OTOH, even if crew and ground crew can go to work, don't forget about those having the risk of being 'exposed' to the weather directly, such as caterers, ramp staff, flight crews doing on ground checks etc...if these can't happen then planes will still get stuck on the ground. |
Originally Posted by QRC3288
(Post 27000746)
None of CX's flights went out after around 8pm last night. Yet all the other carriers were successfully running departure ops until midnight. Most of the competitor flights to Europe (LX, LH, AF, VS, AY) all went out up until around midnight. I know a lot of those other carriers simply got "lucky" - aka, they had equipment sitting in HKG, and they may as well run it on the return if weather permitted - but still. Weather did permit it waaaay past the T8 signal got raised and CX probably could've operated 70% of the flights they cancelled.
Take SQ2, for example. HKG-SFO. Departed 11:30pm on time last night, took off at 11:55pm, and will arrive on-time in SFO in a few hours. Meanwhile, CX's equivalent flight - CX872 HKG-SFO, scheduled to depart at 12:30am - was cancelled, as is the return CX873. Same with CX880 (11:55pm departure), cancelled same with return. This was the dynamic with virtually every late-night CX flight last night. I don't know all the thinking that goes into this, and perhaps there are other regulatory / etc considerations as well (legal / insurance situations once T8 goes up?), but it still seems like the abundance of caution was exercised and it didn't materialize neither as bad nor as early as anticipated. |
For this case, we should keep in mind that the intensity of the typhoon was over-estimated. Part of the (rather huge) eye-wall reached parts of the territory yet force 12 winds were not recorded at any time, so the system probably didn't even deserve its typhoon status at that time (and would have been classed as a severe tropical storm instead).

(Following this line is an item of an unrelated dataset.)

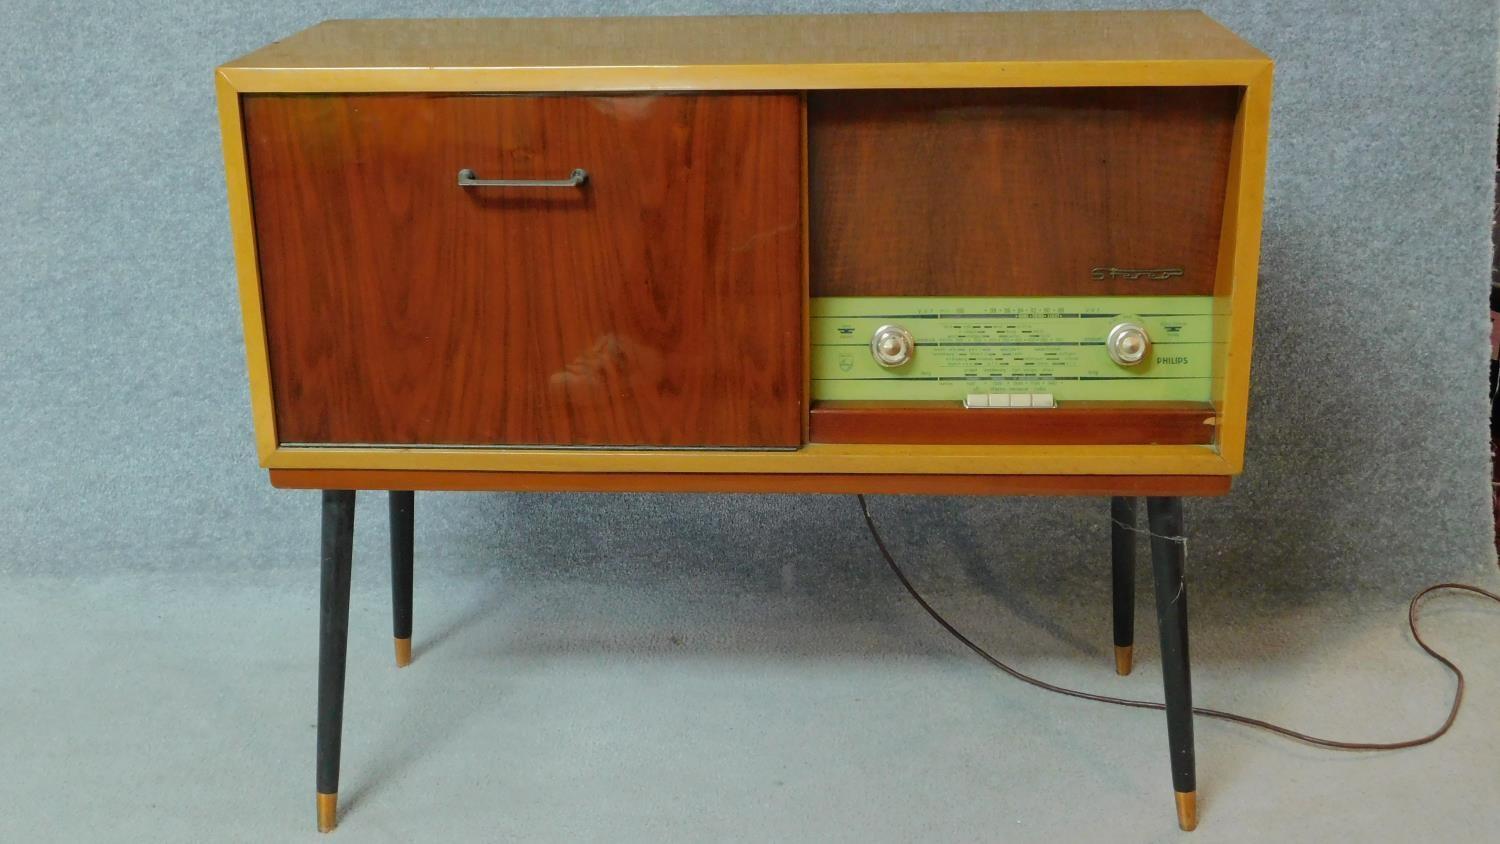 A 1960's vintage satin walnut and teak dancette supports radiogram, by Philips. H.76 W.92 D.36

The airport forecast also stated winds and gusts coming more or less perpendicular to the runways from the early evening, although those brave/silly enough to come in around that time would have found the actual winds to be nowhere near to what was forecast. |
IMO, I'd want an airline to err on the side of safety. There was no way of knowing how bad things would get, with Nida aiming directly at HK. I had to spend an extra night in HK, but wouldn't blame CX for a minute. For ridiculous response to "weather," come to Portland or Seattle on a day with 1in (2.5cm) of snow.